• TASK GOAL:
Below are records with pictures in them. Output exactly the lines from the one with "Veratex Froté prostěradlo" through the one with "Corfu-landing", both included, and leave every picture out; give only those lines.

• MATERIAL PROVIDED:
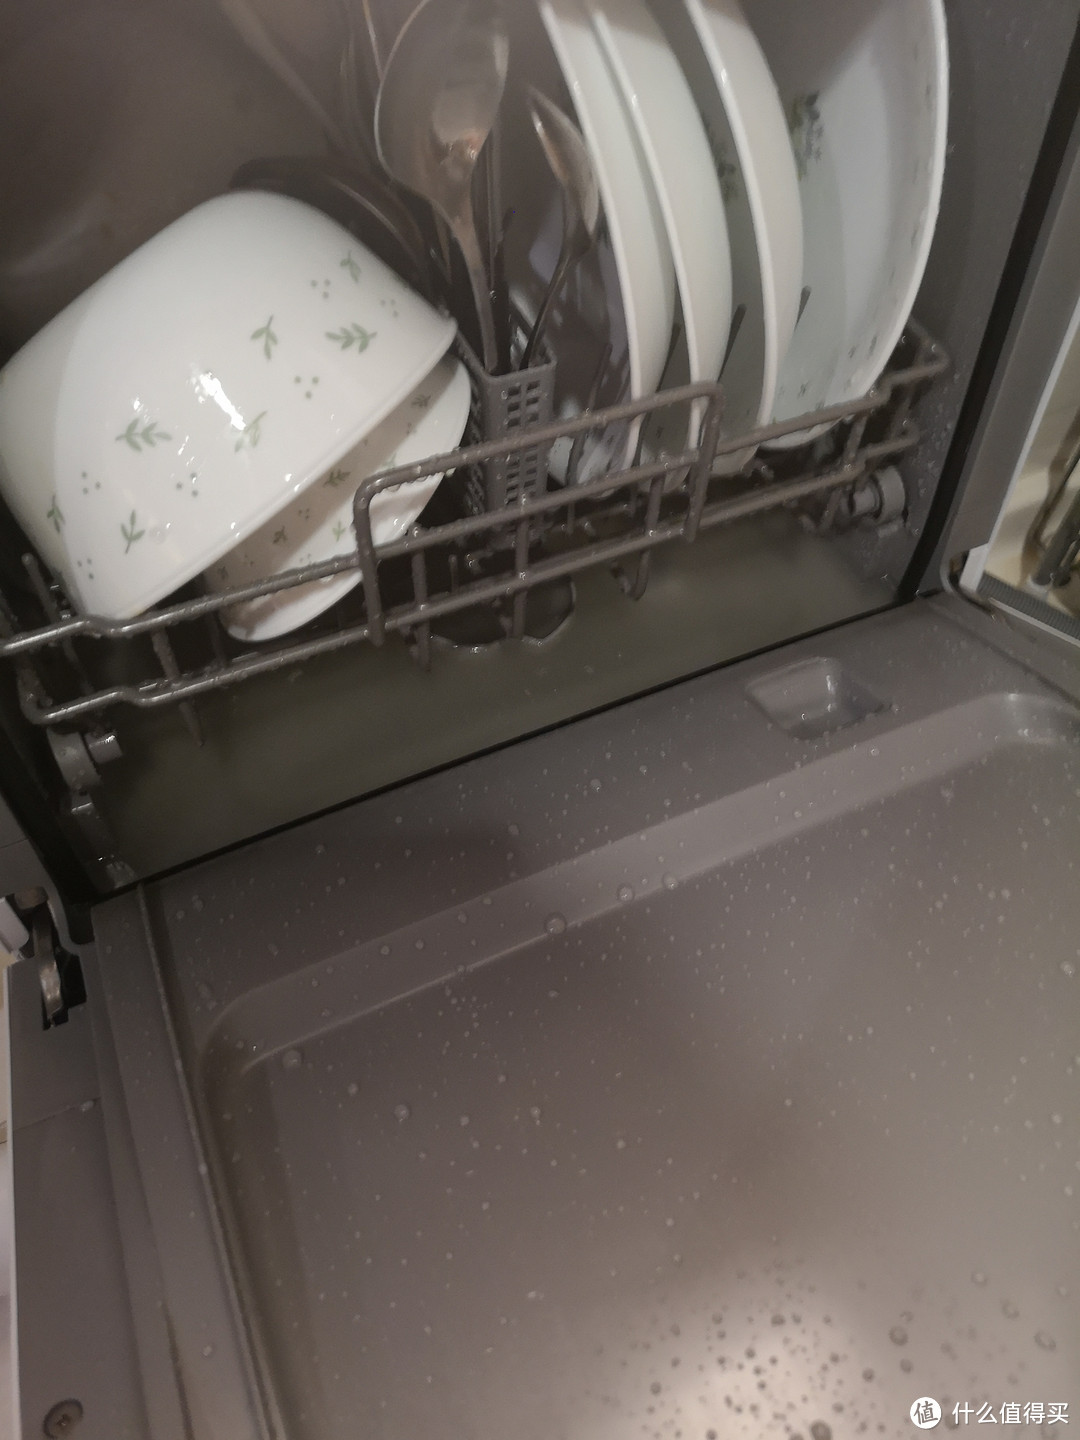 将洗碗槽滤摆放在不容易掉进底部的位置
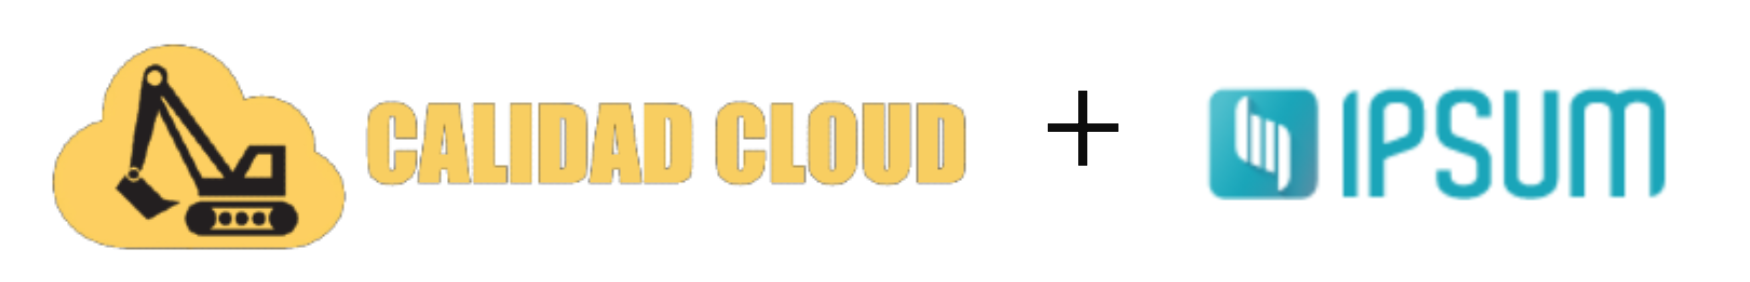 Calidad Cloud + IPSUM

---

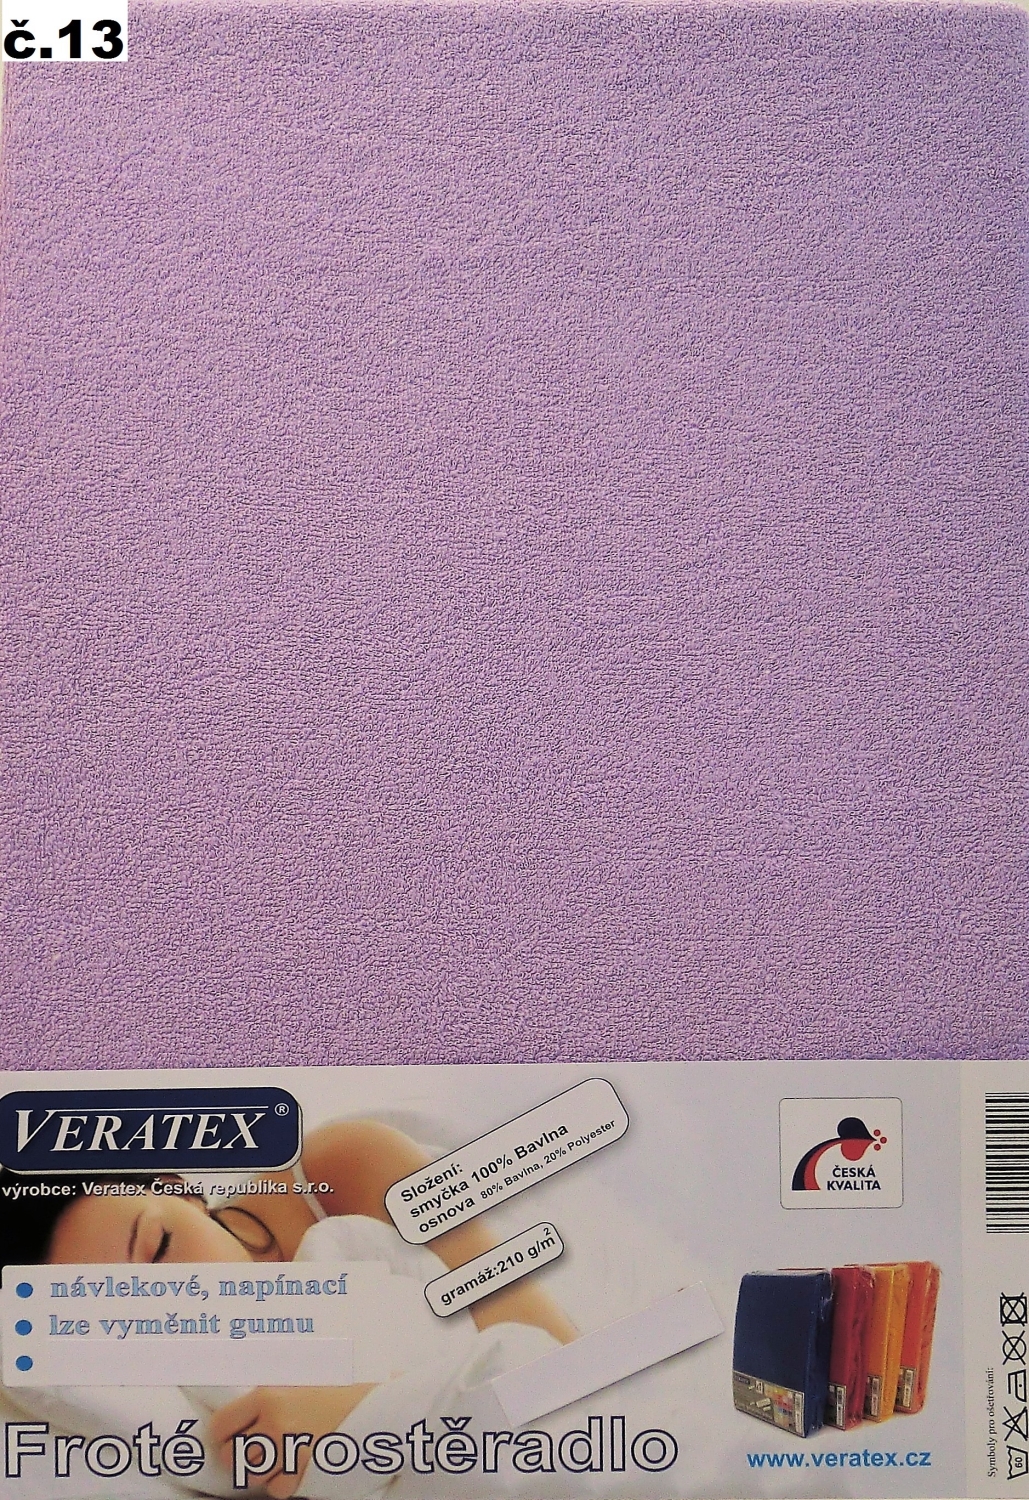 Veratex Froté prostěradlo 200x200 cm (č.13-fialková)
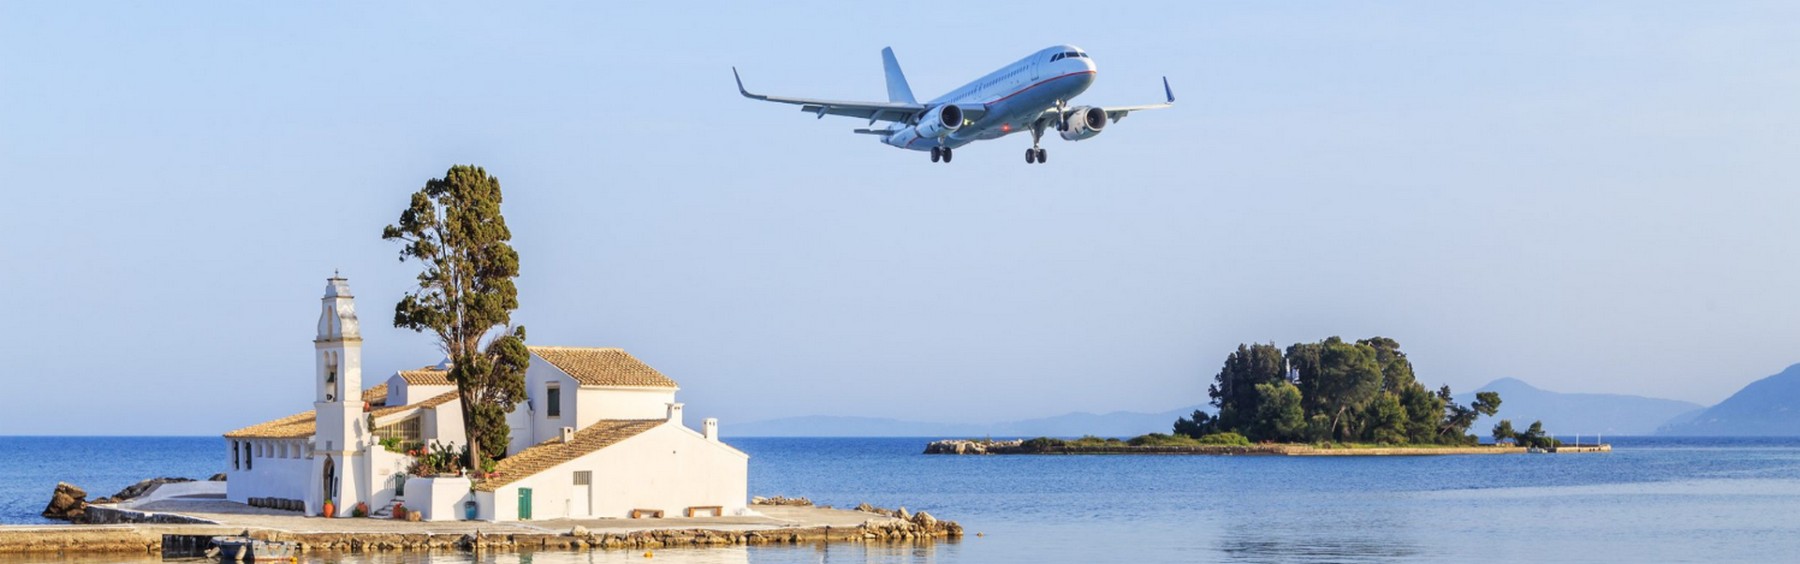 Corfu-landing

==

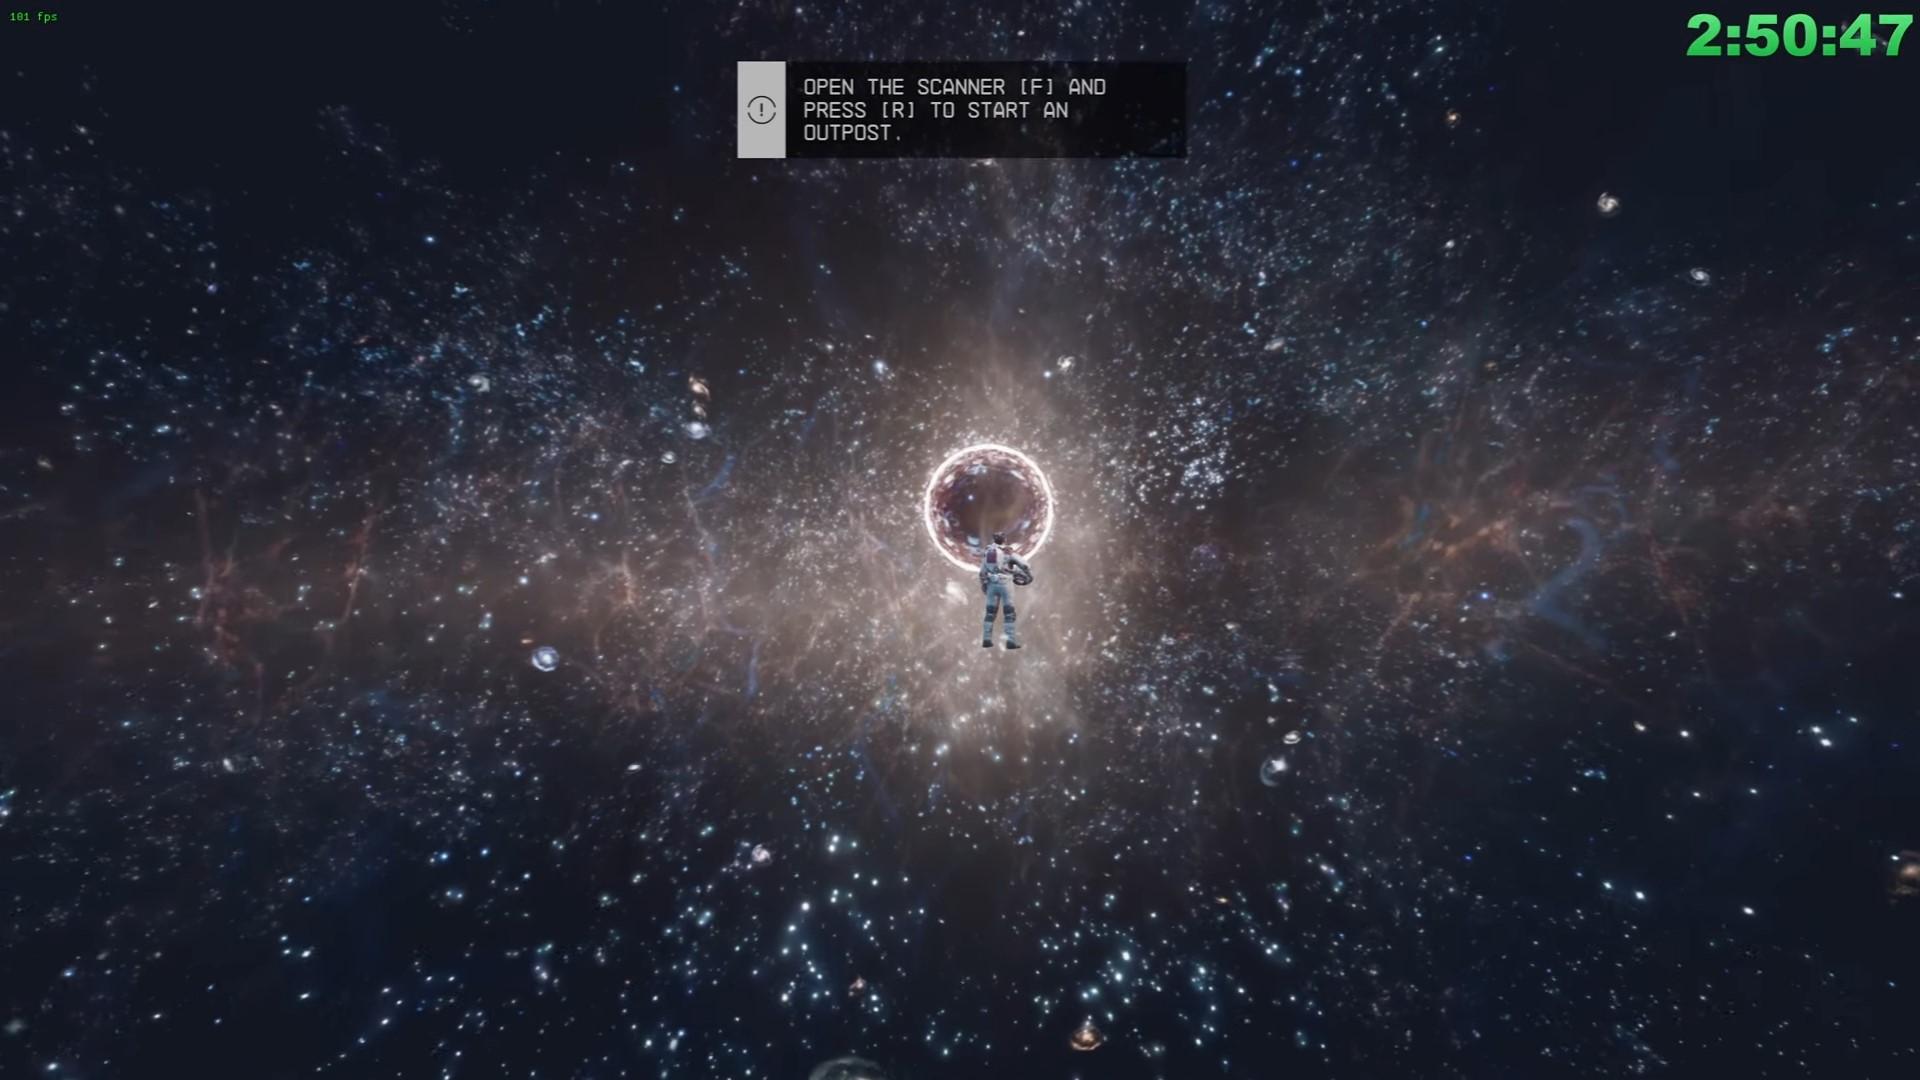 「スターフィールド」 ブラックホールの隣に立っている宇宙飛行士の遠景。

• SOLUTION TO THIS PROBLEM:
 Veratex Froté prostěradlo 200x200 cm (č.13-fialková)
 Corfu-landing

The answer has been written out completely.